Here, however, we consider the task of maximizing information not about the sensory signal itself, but about location—which is related to odor concentration in a complex, stochastic manner. As we showed, most of the available information about location can be conveyed by a coarse discretization of the sensory range—in fact, by binarization. However, this only holds if the cutpoint is properly chosen. In the two more turbulent odor environments considered here, the optimal cutpoint is substantially higher than the median, which is the cutpoint associated with histogram equalization (see Fig 4). That is, discriminations in the upper range of odor concentrations play a disproportionately greater role in determining location, than in reconstructing the input per se. Correspondingly, implementation of this encoding requires a nonlinearity that is less compressive for higher intensities than histogram equalization.

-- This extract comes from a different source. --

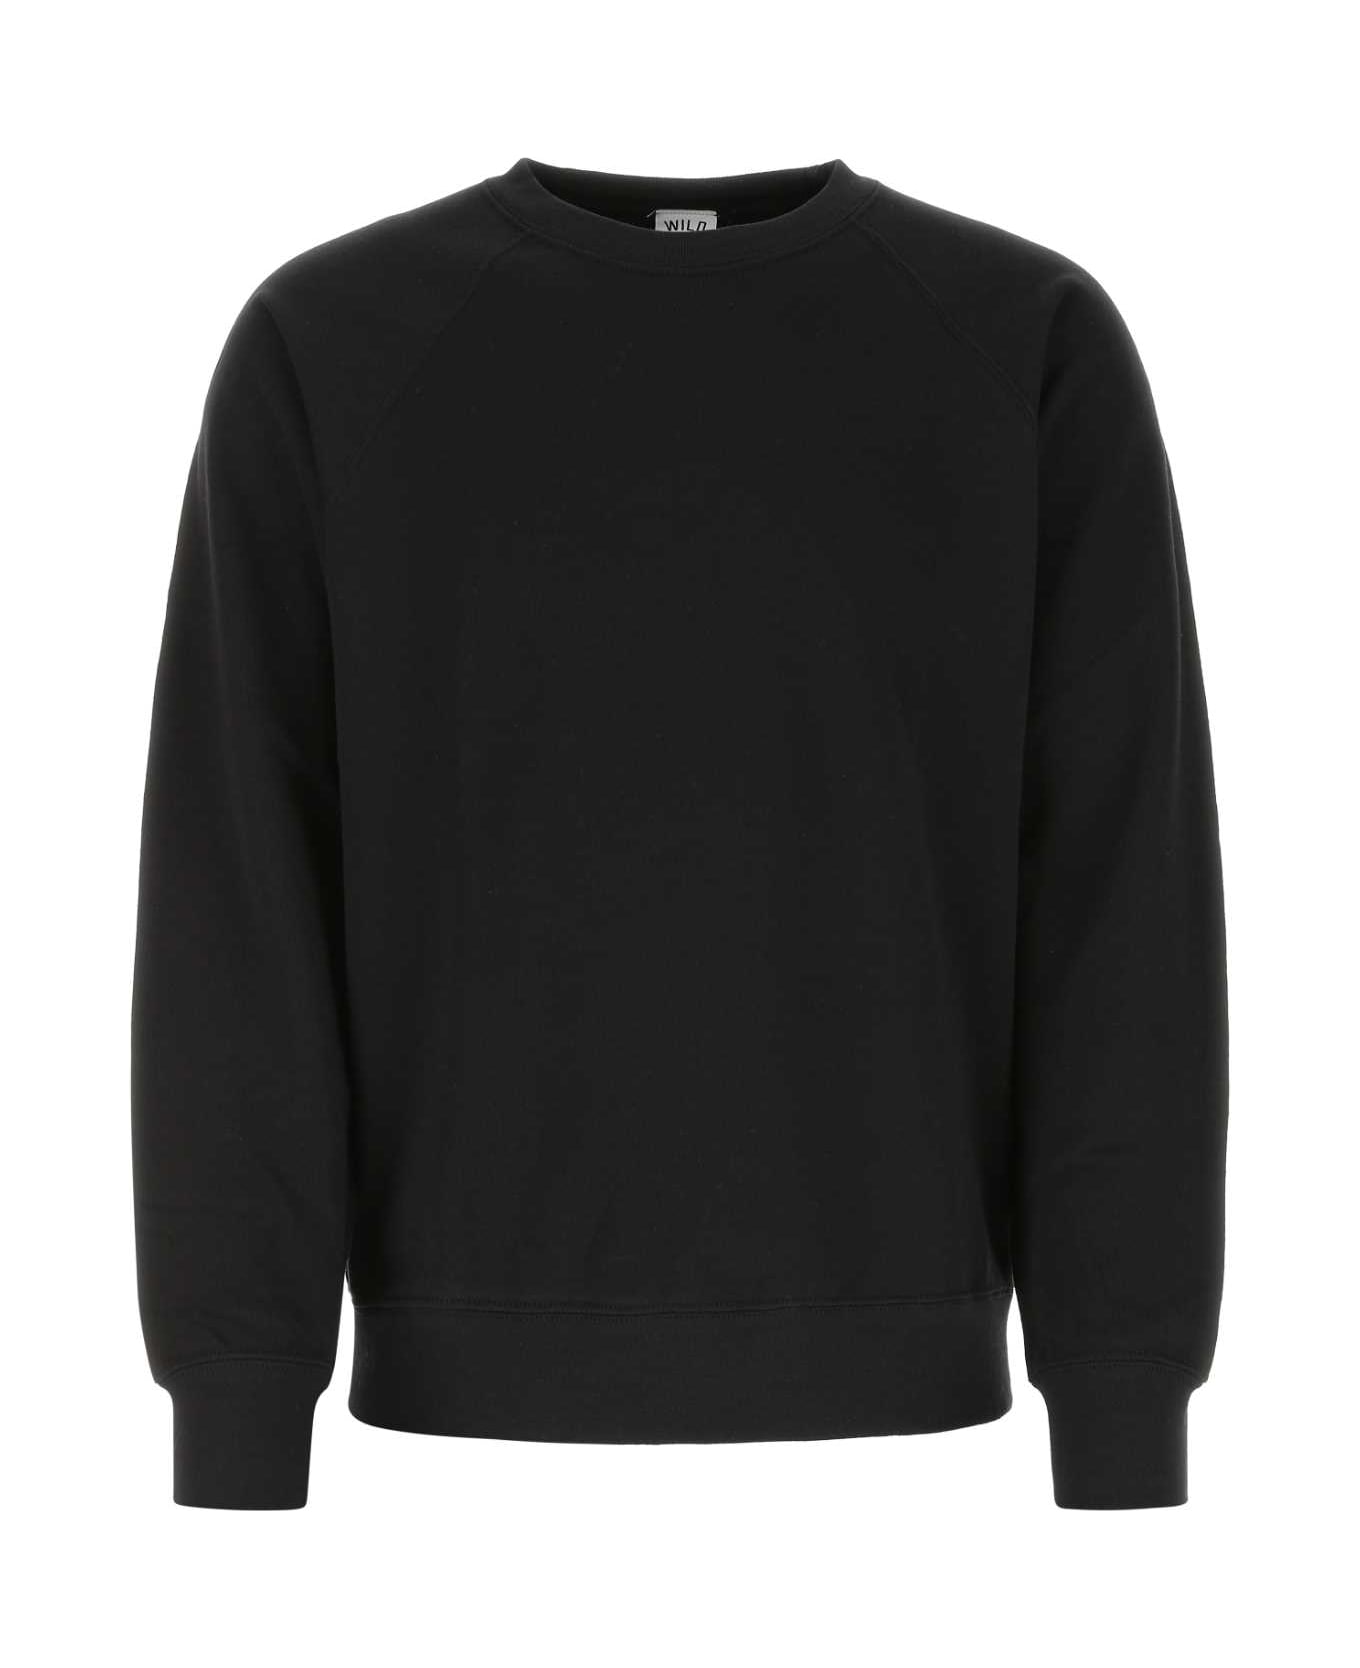 Wild Donkey Black Cotton Blend Sweatshirt - WD090 フリース

Optimal adaptation strategies, in the sense of being maximally informative, under naturalistic stimuli are (to our knowledge) unknown. The problem of optimally discretizing a signal is not just an olfactory problem but applies to other sensory modalities which face resource constraints as well (e.g. vision [2628]).

While it is difficult to imagine a biologically-plausible mechanism that achieves the precisely optimal nonlinearity for conveying information about location, there is a simple and plausible mechanism that can achieve an approximation: ligand-receptor binding in olfactory receptor neurons [29]. In steady-state, this mechanism generates a nonlinear encoding described by the Hill equation [30]. This transformation compresses signals at high concentrations, because receptors become occupied, and more ligand is required to activate the remaining receptors [31]. Thus, the degree of compression depends on the apparent dissocation constant Kd, the odorant concentration at which half of the receptors are occupied. Setting Kd at the median odor concentration corresponds to histogram equalization: half of the time the ligand binding will be below the median, and half of the time it will be above.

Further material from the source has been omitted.